The only other time Brian lost me was during the very last sentence that you sent us, when he says “I’m too good.” I don’t necessarily mind a character saying something like this (i.e., the M.C. can be arrogant but still sympathetic), but I felt like it was inconsistent with his voice/tone to that point. Maybe just leave it as “I never need a dad to gain me a coach’s favor.” This underscores the fact that 1) he doesn’t think he needs his dad, and 2) he’s good at basketball. It’s still a bit arrogant, but (again) subtler.
2. The story absolutely draws me in. Especially chapters two and three. They’re tight, and they clip along nicely. And you effortlessly "show" what we need, when we need it.
PART II
ReplyDelete3. Lots and lots and lots of stuff is working. The voice is strong. I love his language and phraseology (balling stuff; fifteen over the limit; Camp chair. That’s right. Reaching stick. That’s right.) And I like the use of the scientific name of the snake (at strategic points for interjection and humor).
Chapter two--I cannot stress this enough--takes my breath away. Seriously. What a perfectly paced chapter. Wonderful. And the secret!? Love how you make us want to know (and then not tell us). And I trust you (and Brian) to tell us when the time is right.

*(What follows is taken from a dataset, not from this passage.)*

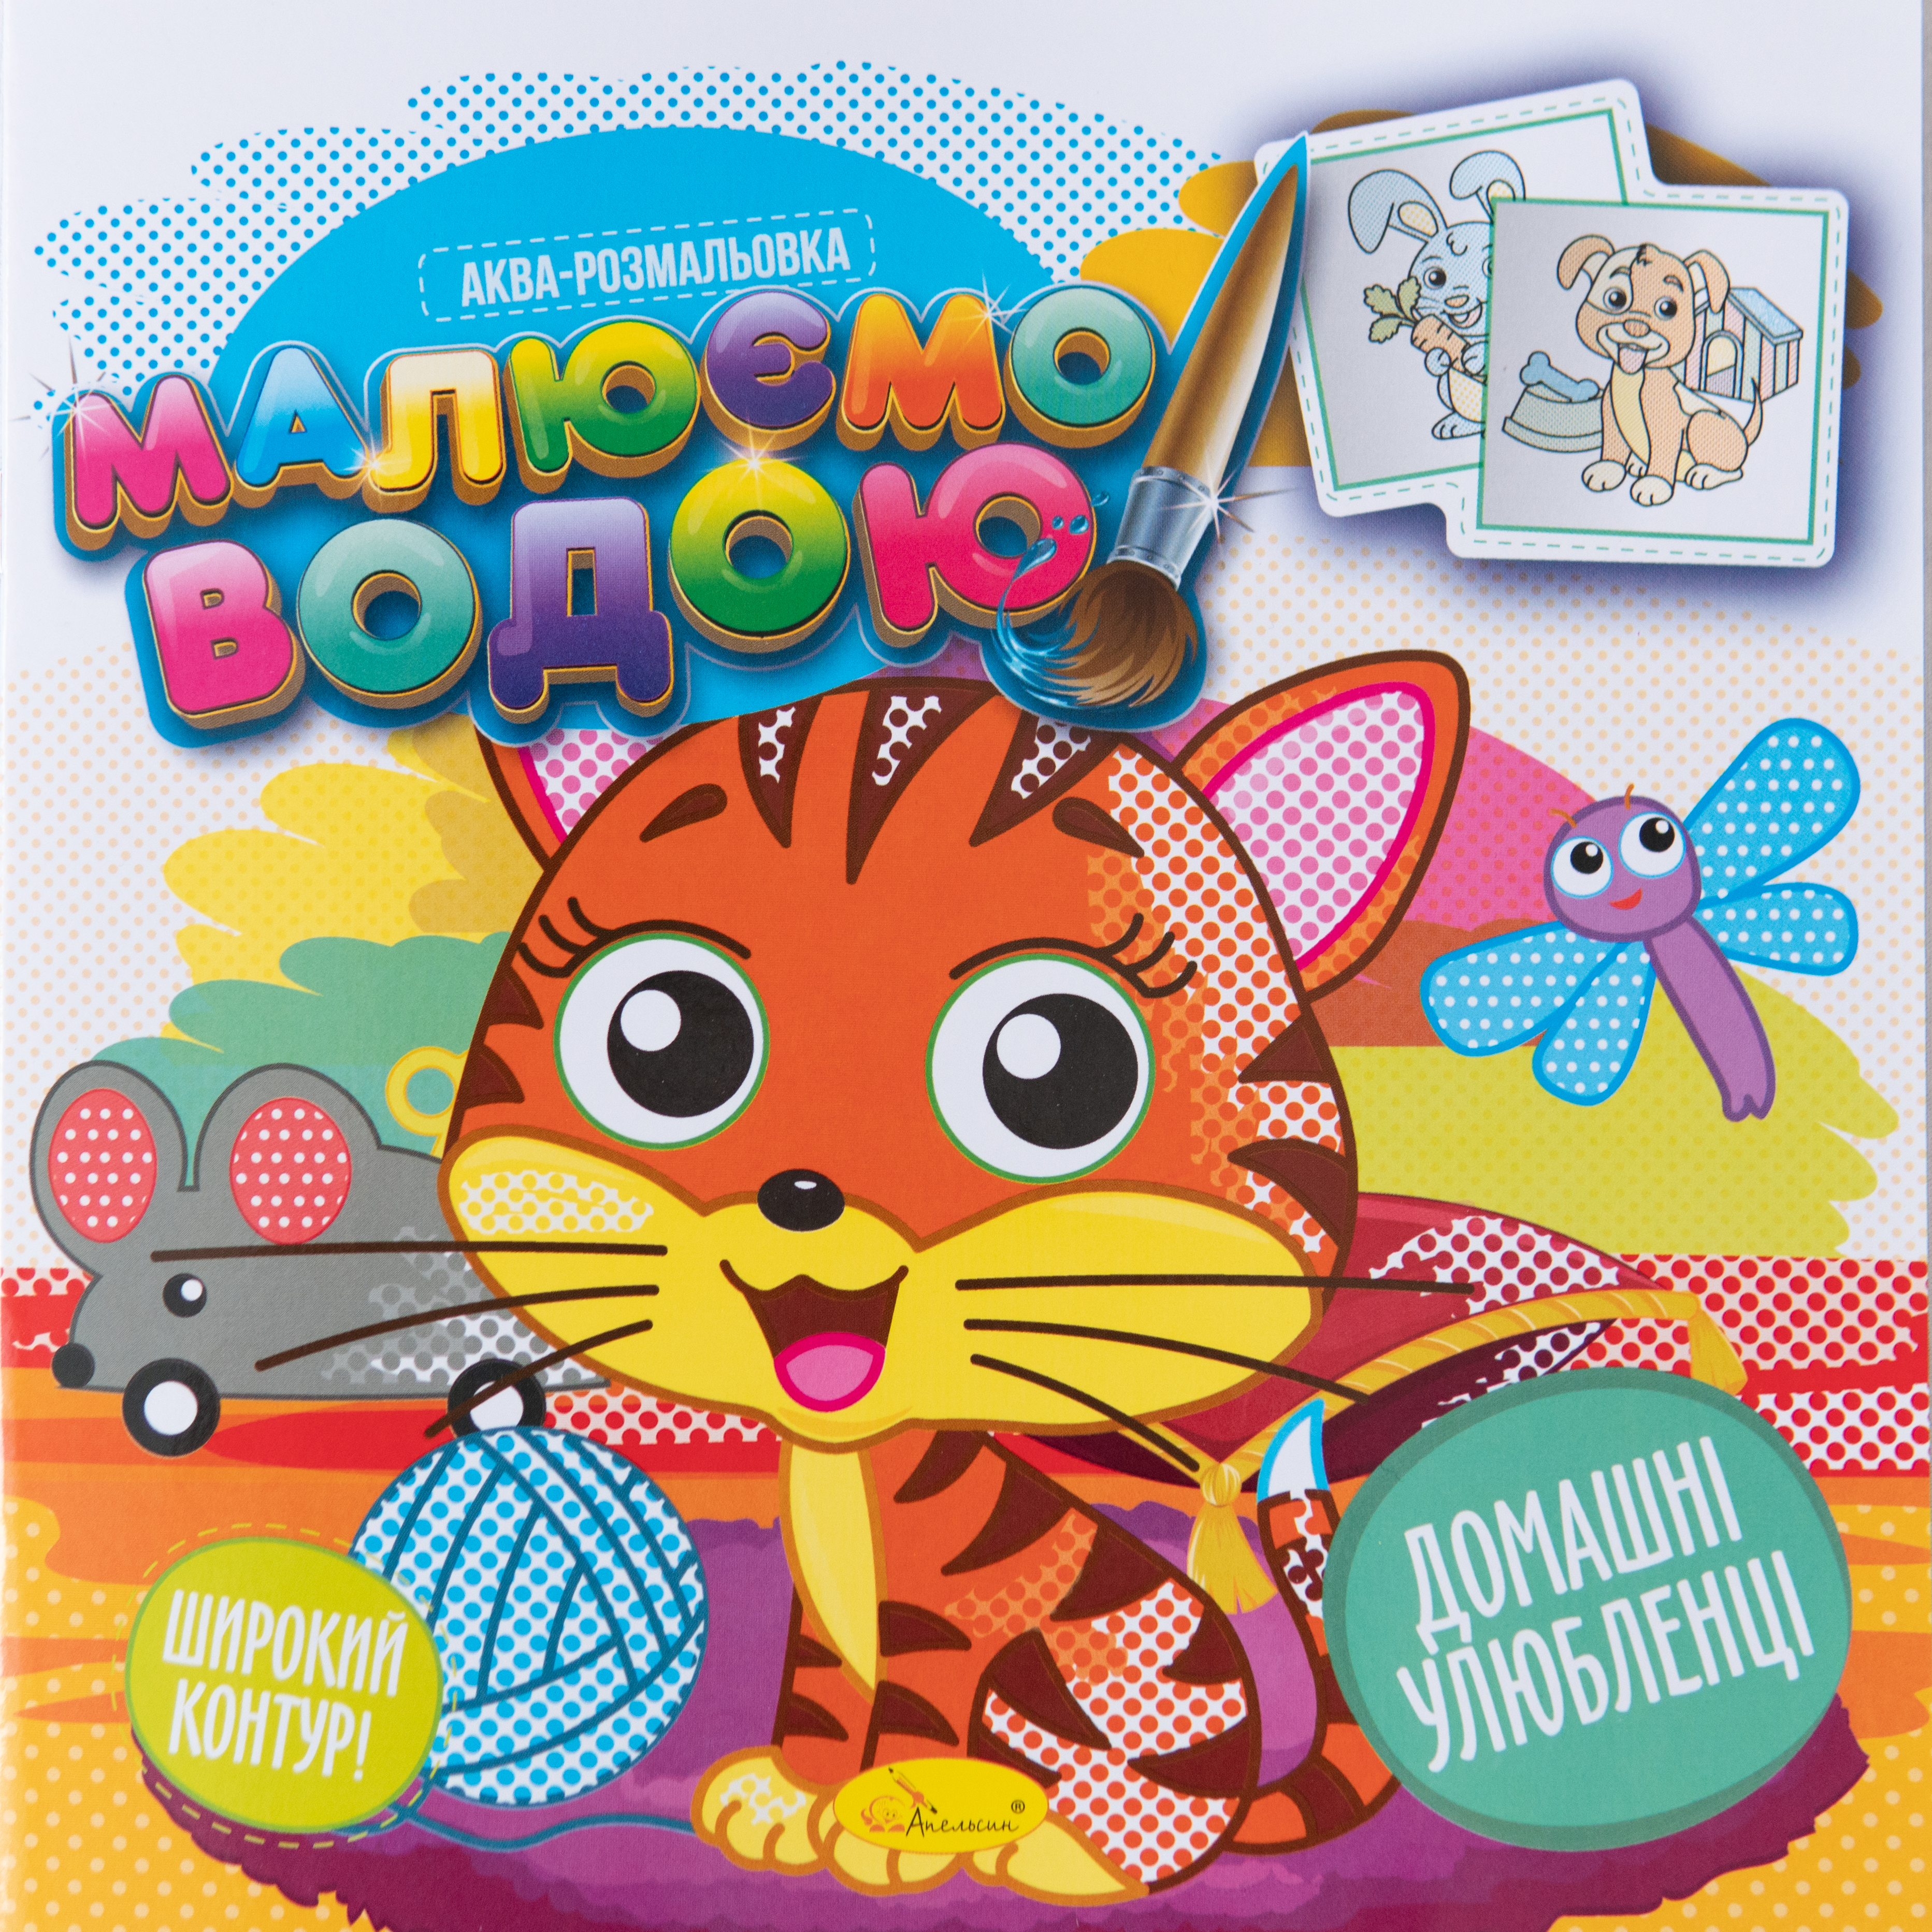 Aquarell-Malbuch Haustiere - Vorbereitung auf die Schulein ukrainischer Sprache/Aquarell-Malbuch Haustiere - Vorbereitung auf die Schulein ukrainischer Sprache

The only thing that pulls me out of the world you’ve created is that Brian just picked up and moved in the middle of the school year and is (the very next day) settled in his new school and team. I know he sent an email to the coach and all, but I don’t buy it. Easy fix, though. Maybe this should be at the semester break, or some such, then the logistics of the move could be explained in a line or two. And would a coach really let him play on varsity without a tryout? Maybe, if Brian has a reputation on the court that precedes him? If so, it just needs to be articulated. And if you've answered these questions in later chapters, ignore what I'm saying here. I'm just letting you know that I expect to know this information at some point (even if it's just a line or two that tells me).
4. Where do I see the story going? Well, I see there being a couple of story lines. You have the father-son deal. Then the mother-son secret (I suspect infidelity?). That secret seems like a really big deal, and I think it will play out in a big way. Then there’s the basketball plot. I see these three lines intersecting (or colliding) in some interesting way in the climax. And the voice, characters, and setup to the story make me want to follow you to that intersection. Great, great opening, Andy. Thanks!